Our children need our time

Children prefer parents' time to money

Children prefer parents' time to money

The wellbeing and happiness of children centres on the amount of time they spend with their families, their relationships with friends and the activities they undertake, new research has found. (Irishhealth.com)

The research was commissioned by children’s charity, UNICEF UK, and focused on children living in the UK, Spain and Sweden. According to the findings, the message from children who took part was ‘simple, clear and unanimous’.

 

“Their wellbeing centres on time with a happy family whose interactions are consistent and secure, having good friends and having plenty of things to do, especially outdoors,” it said.

It noted that in the UK, parents struggled to give adequate time to their children, while in Spain and Sweden, ‘family time seemed to be part of the fabric of everyday life’.

The research found that the issue of materialism was complex, although most of the children who took part agreed that it was not a good thing for young people to be given everything they want. In fact, ‘spoiled children were universally derided’ and the idea of saving money for something or having to wait for it was ‘highly regarded’.

Interestingly, while children did not hide their desire for the latest clothes and technology, ‘most did not regard new toys, fashion items and gadgets as central to their wellbeing’.

“Most children agreed that family time was more important to them than consumer goods,” the research said.

However despite this, the researchers noted that some parents, especially in the UK, continually bought new things for their children.

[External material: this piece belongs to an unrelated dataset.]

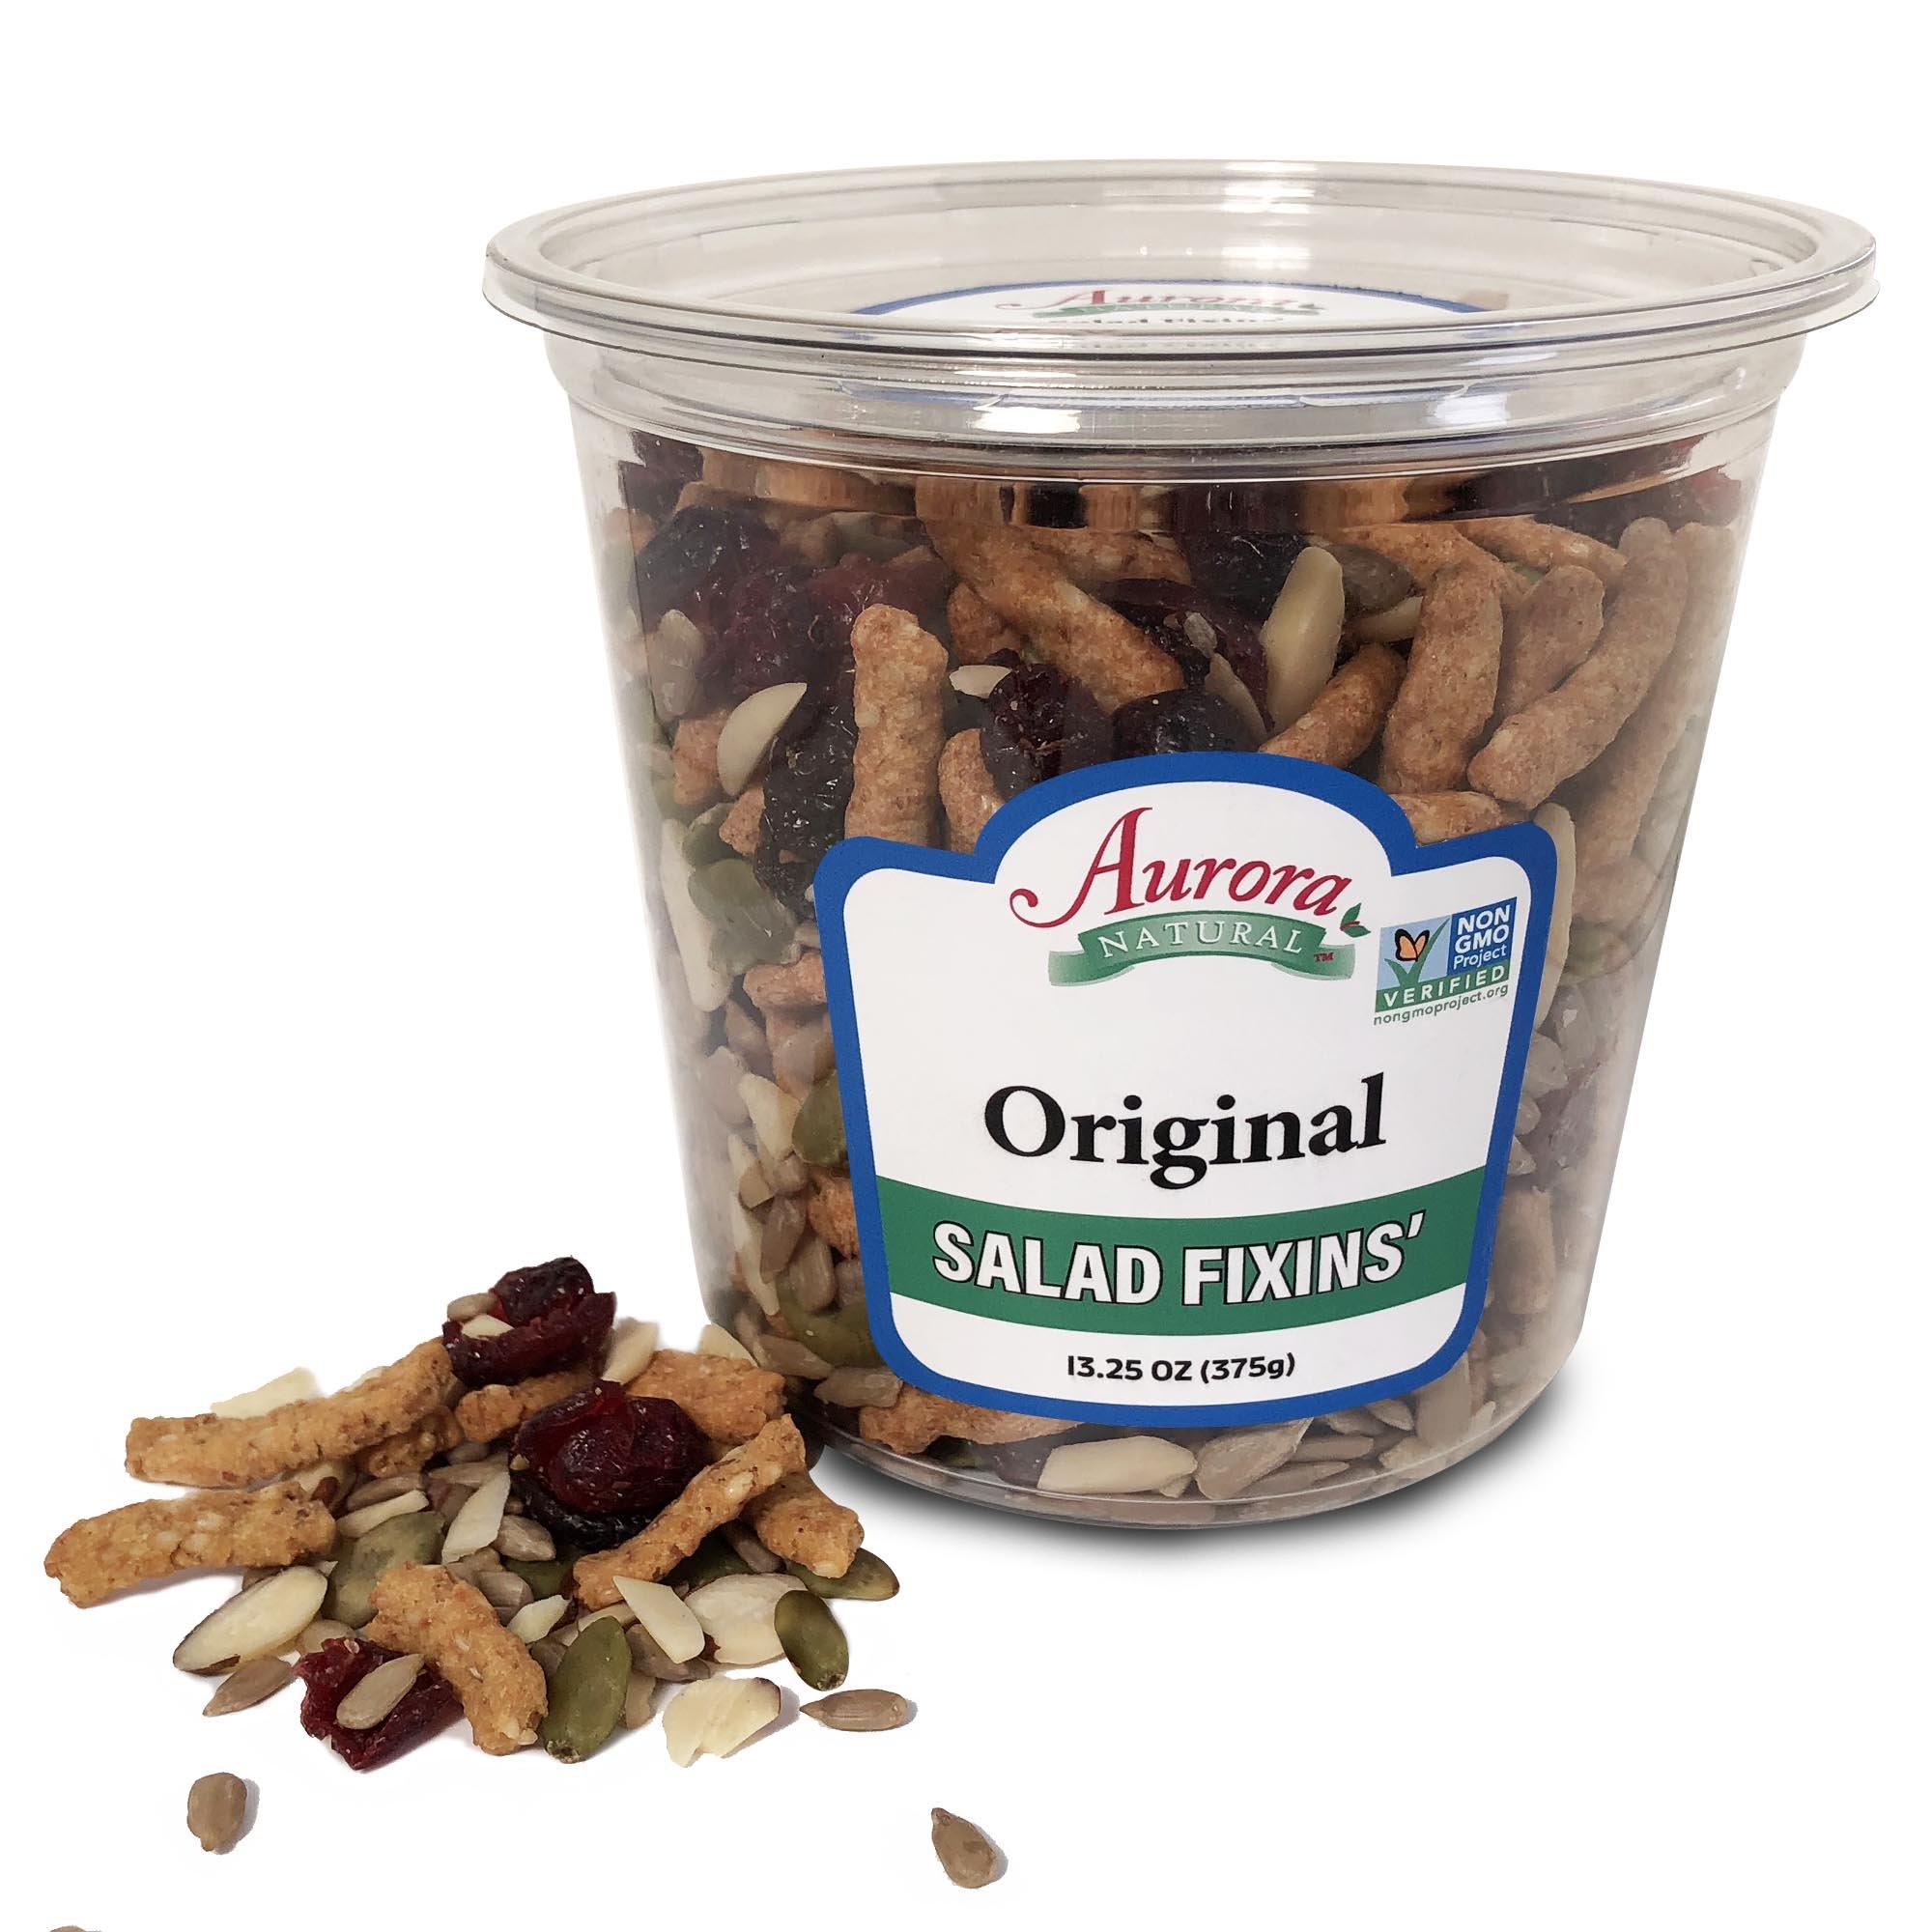 Aurora Natural Products Original Salad Fixins, 13.25 Ounce

“Most parents realised that what they were doing was often ‘pointless’, but seemed somehow pressurised and compelled to continue,” it pointed out.

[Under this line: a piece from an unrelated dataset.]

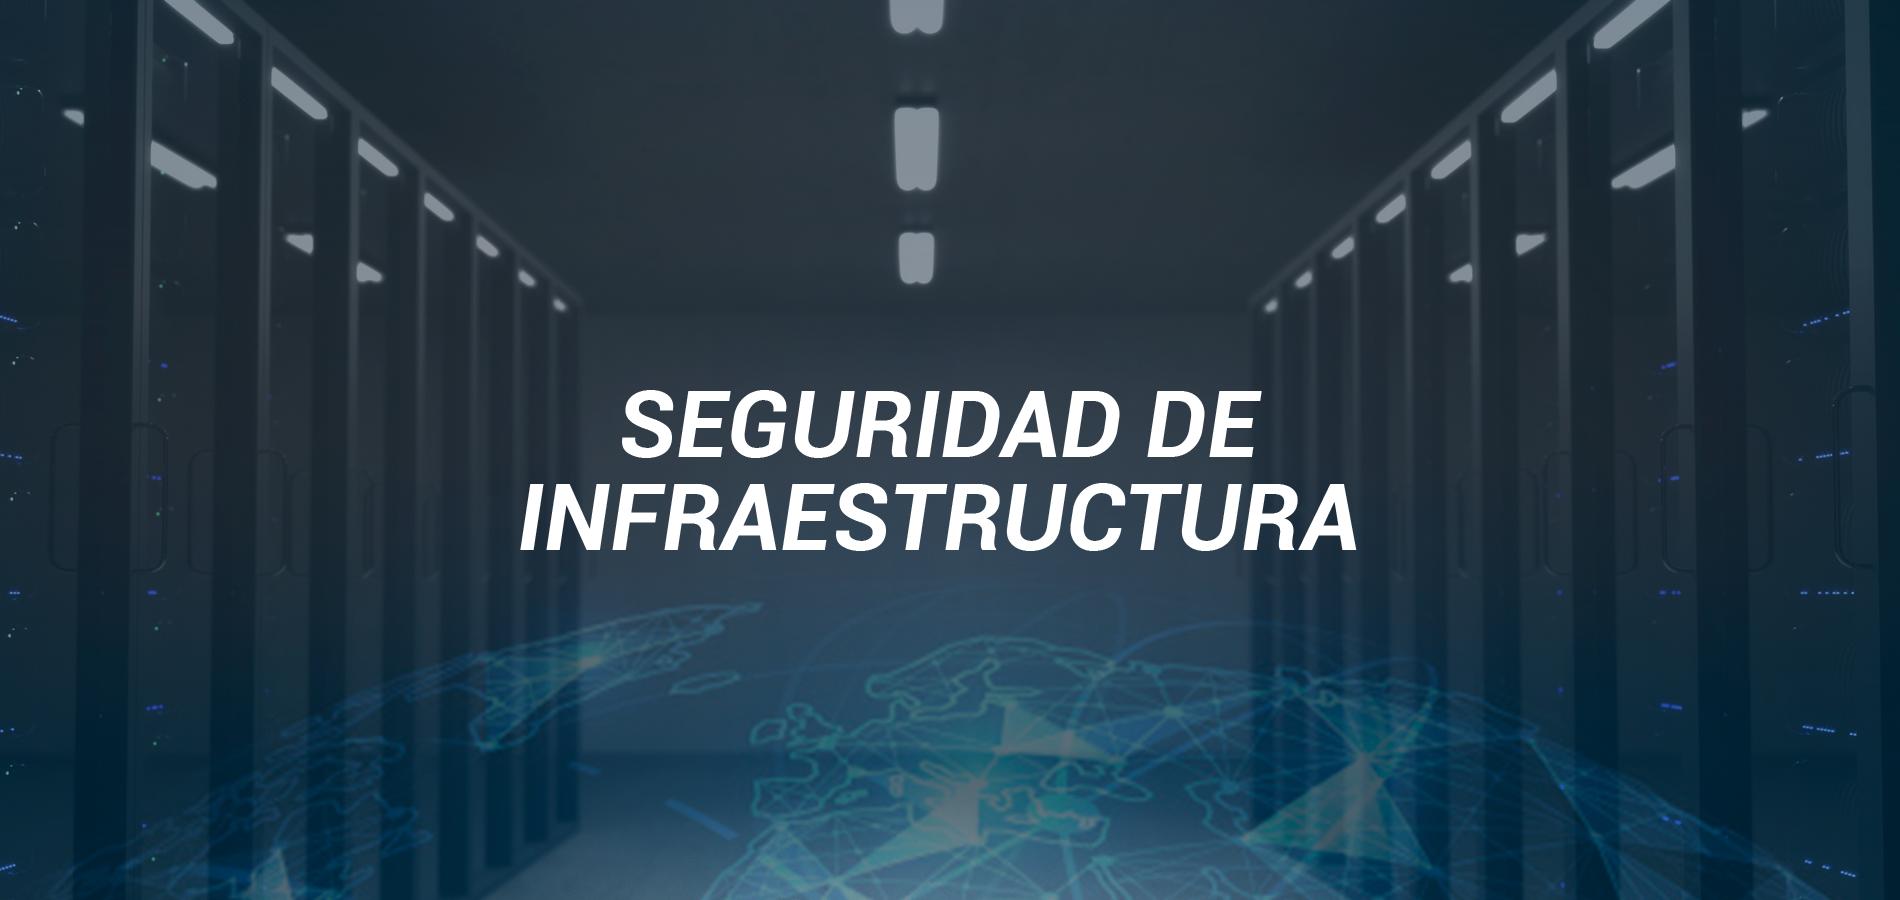 seguridad infraestructura

The research acknowledged that by the time they reach secondary school, brands and material goods start to play a important role in how young people identify with their peers.

It added that more expensive brands seem to be more important to young people from poorer backgrounds, ‘perhaps as a means of masking financial and social insecurities and bolstering self-esteem’.

The research involved 24 families and 250 young people living in the three countries.